Her work with NIFA continues to build the scientific community. “What I love the most is as a scientist, I am helping train the next generation of scientists. I realized pretty early on in graduate school that becoming a principal investigator and having a faculty position somewhere and running my own lab wasn't for me. It wasn't what I wanted for my career, but I still really loved science. I also loved helping others find their career paths in science,” she said.
As a biological sciences specialist at NIFA, her portfolio of programs includes Hispanic- Serving institutions, Alaska Native and Native-Hawaiian-Serving institutions, and the Insular Areas, which are the U.S. territories and commonwealths in the Caribbean and Pacific, she said. Most of the programs she works with are providing grants to institutions to build the infrastructure and programs to encourage students from underrepresented backgrounds to go into food sciences and agriculture careers.
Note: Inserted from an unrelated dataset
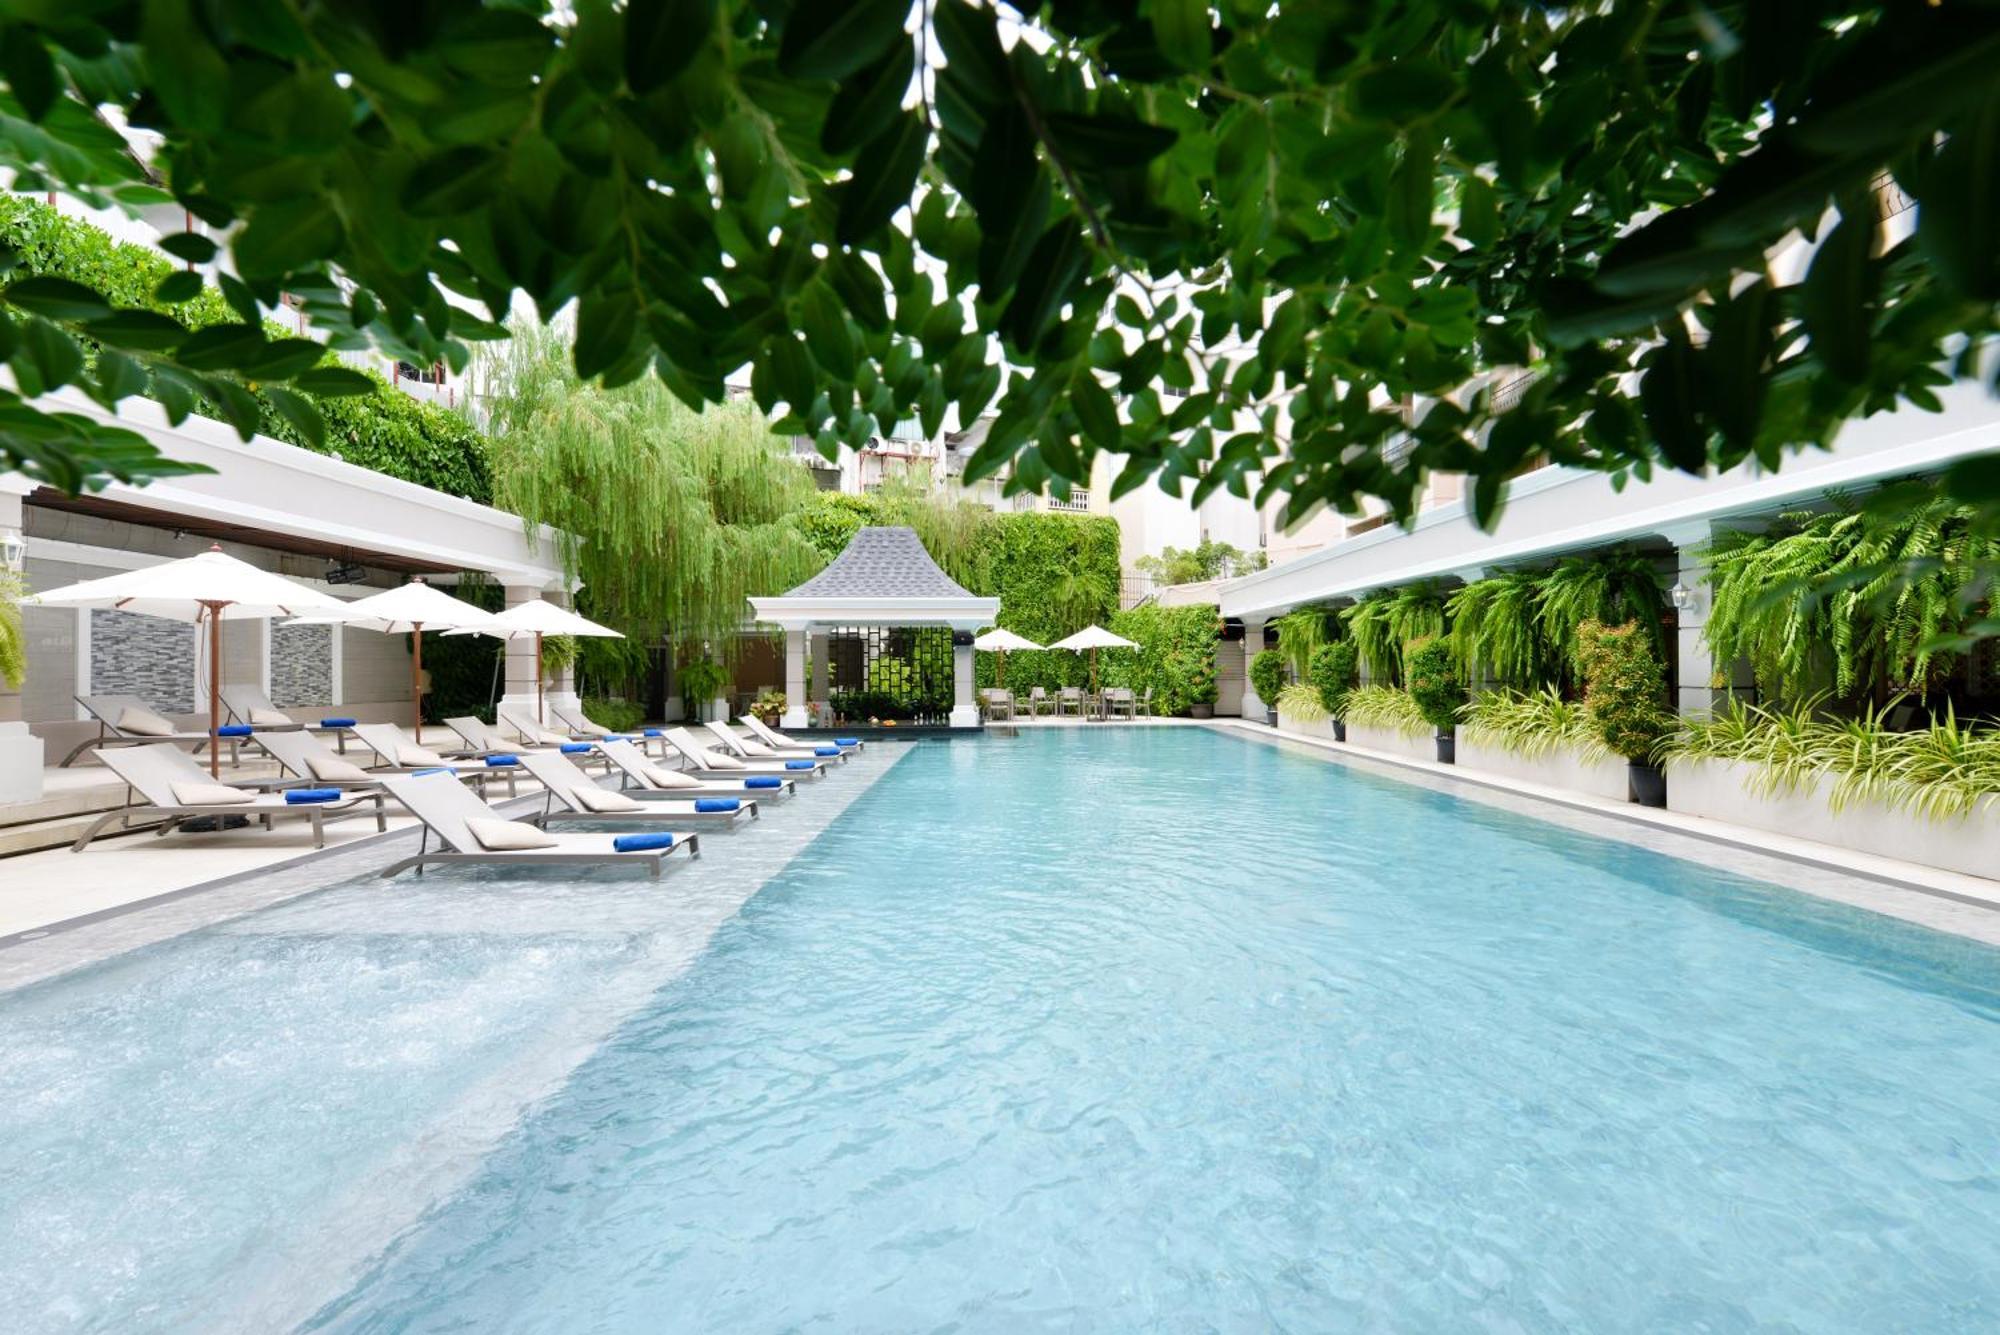 The Beverly Hotel Pattaya Exterior photo

She doesn't do bench work nor is she in a lab anymore, but she still helps faculty members at universities with the grant writing process, She helps them figure out which funding from NIFA would help them in their research projects at their universities. “I still get to talk about science a lot. Keeping up on current hot topics in food science and agriculture. Also, I'm still keeping up with my scientific background and knowledge related to my projects at NIFA. But I'm not doing the research myself directly,” she said.